DSP/IC Design Lab, Graduate Institute of Electronics Engineering, Department of Electrical Engineering, National Taiwan University, Taipei, Taiwan E-Mail:{sslin, pctseng, lgchen}@video.ee.ntu.edu.tw

## **ABSTRACT**

In this paper, a novel low-power parallel tree architecture is proposed for full search block-matching motion estimation. The parallel tree architecture exploits the spatial data correlations between parallel candidate block searches for data sharing, which effectively eliminates huge amount of data access bandwidth while consumes fewer hardware resources compared with array-based architectures. Combining with adaptive parallel partial distortion elimination algorithm, the required average clock cycle count for each macroblock search can be greatly reduced to below 50% to achieve low-power operation. Besides, this architecture can also eliminate redundant computation without pipeline latency and excess power consumption caused by register shifting and redundant memory accessing in array-based architectures. The proposed architecture is suitable for high-end real-time portable video encoding system, which desires high-quality video but low-power consumption.

#### 1. INTRODUCTION

Motion estimation is the fundamental technique of video compression, which effectively reduces the temporal redundancy among video sequences. In order to achieve better video quality, full search block-matching algorithm (FSBMA) is usually adopted for motion estimation. The FSBMA determines the motion vector by identifying the macroblock with minimum distortion from a set of all possible candidate blocks in the search window, and therefore enables to achieve the optimal search result. However, it takes huge amount of computation to perform full search of all possible candidate blocks. Due to the huge amount of computation, motion estimation is the most power demanding kernel in a video encoding system, which usually consumes more than 50% power consumption of whole system [1].

For the portable system, lowering power consumption is one of the most critical design issues. In order to reduce computational complexity and thus lower power consumption, many fast algorithms were proposed in the literature. One category of fast algorithms proposed to effectively reduce the computation amount by fewer search positions or fewer matching samples, but it could only achieve sub-optimal search result. Another category proposed to reduce the computation amount without sacrificing the quality of motion estimation, which is referred as fast full search, such as the partial distortion elimination (PDE) [2] [3]. The principle

of PDE is to stop the accumulation of sum of absolute difference (SAD) to reduce redundant computation when the temporal accumulated SAD value is larger than recent minimum one.
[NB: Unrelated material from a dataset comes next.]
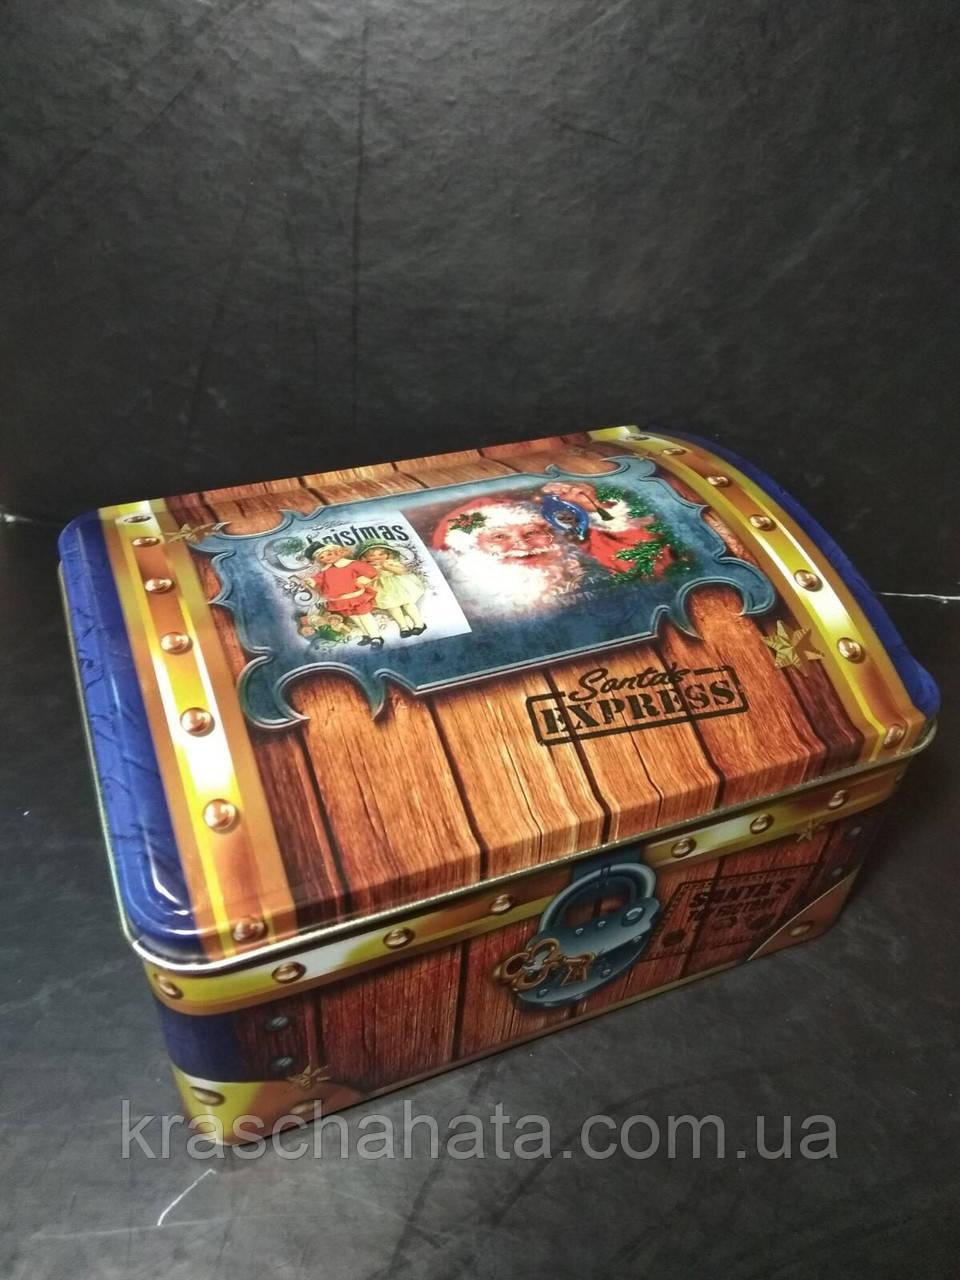 Новогодняя коробка шкатулка, Сундук, Жестяная упаковка для конфет, 900 гр,  Металлическая коробка для конфет

Due to the regular data flow of FSBMA motion estimation, various array-based [4] [5] [6] [7] [8] [9]and tree-based [10] architectures were proposed. However, most of them did not exploit fast full search algorithms to further reduce the redundant computation. Although some array-based architectures [11] [12] were proposed to exploit PDE and could achieve approximate 50% average skipping ratios, there were several problems in these architectures, such as pipeline latency and excess power consumption caused by register shifting and redundant memory accessing.

In this paper, a novel parallel tree architecture is proposed for FSBMA motion estimation. The parallel tree architecture exploits the spatial data correlations between parallel candidate block searches for data sharing, which effectively eliminates huge amount of data access bandwidth while consumes fewer hardware resources compared with array-based architectures. Combining with adaptive parallel PDE algorithm, the required average clock cycle count for each macroblock search can be greatly reduced to below 50% without problems found in array-based architectures. The organization of this paper is as follows. Section 2 presents the proposed parallel tree architecture, and section 3 gives the hardware implementation results. In section 4, the comparison results with previous arts are listed, and finally, a brief conclusion is given in section 5.

#### 2. PROPOSED ARCHITECTURE

## 2.1. FSBMA Motion Estimation

The FSBMA motion estimation is a four nested-loops calculation in the macroblock level, where p denotes the search range and N denotes the block size.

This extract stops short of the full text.